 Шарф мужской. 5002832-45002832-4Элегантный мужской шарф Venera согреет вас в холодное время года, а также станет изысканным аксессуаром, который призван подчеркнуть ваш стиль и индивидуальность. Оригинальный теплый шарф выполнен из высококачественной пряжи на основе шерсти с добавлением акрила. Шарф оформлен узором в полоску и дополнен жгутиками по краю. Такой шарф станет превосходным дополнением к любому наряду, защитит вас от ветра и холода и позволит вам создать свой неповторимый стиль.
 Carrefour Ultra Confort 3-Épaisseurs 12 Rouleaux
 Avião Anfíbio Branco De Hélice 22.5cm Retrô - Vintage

---

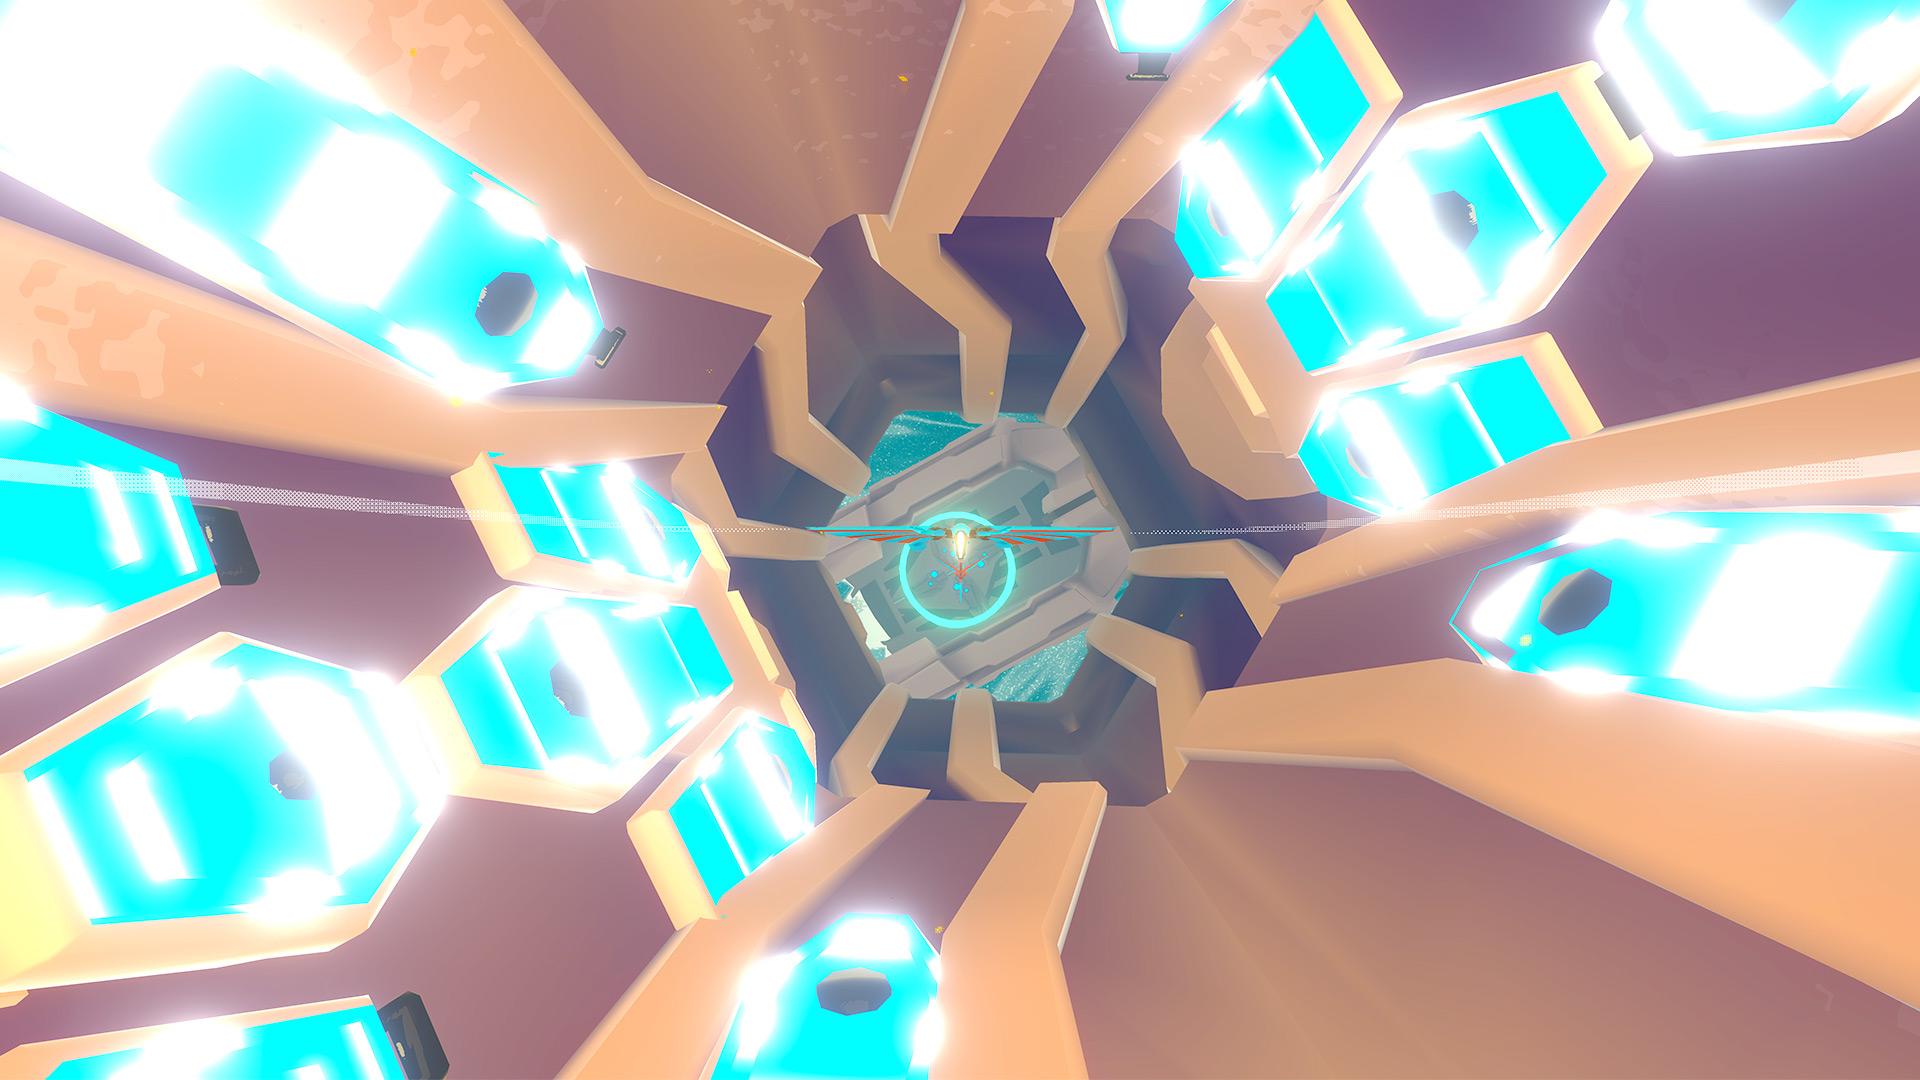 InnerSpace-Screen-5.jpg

--

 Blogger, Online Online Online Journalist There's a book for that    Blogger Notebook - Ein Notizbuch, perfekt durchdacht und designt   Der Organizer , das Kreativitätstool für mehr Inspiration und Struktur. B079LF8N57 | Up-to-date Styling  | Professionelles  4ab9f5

> **The task**: Take the lines above from the one containing "Шарф мужской. 5002832-45002832-4Элегантный" down to the one containing "Avião Anfíbio Branco", and transcribe them exactly, both ends included.

> **Solution to the problem**:
 Шарф мужской. 5002832-45002832-4Элегантный мужской шарф Venera согреет вас в холодное время года, а также станет изысканным аксессуаром, который призван подчеркнуть ваш стиль и индивидуальность. Оригинальный теплый шарф выполнен из высококачественной пряжи на основе шерсти с добавлением акрила. Шарф оформлен узором в полоску и дополнен жгутиками по краю. Такой шарф станет превосходным дополнением к любому наряду, защитит вас от ветра и холода и позволит вам создать свой неповторимый стиль.
 Carrefour Ultra Confort 3-Épaisseurs 12 Rouleaux
 Avião Anfíbio Branco De Hélice 22.5cm Retrô - Vintage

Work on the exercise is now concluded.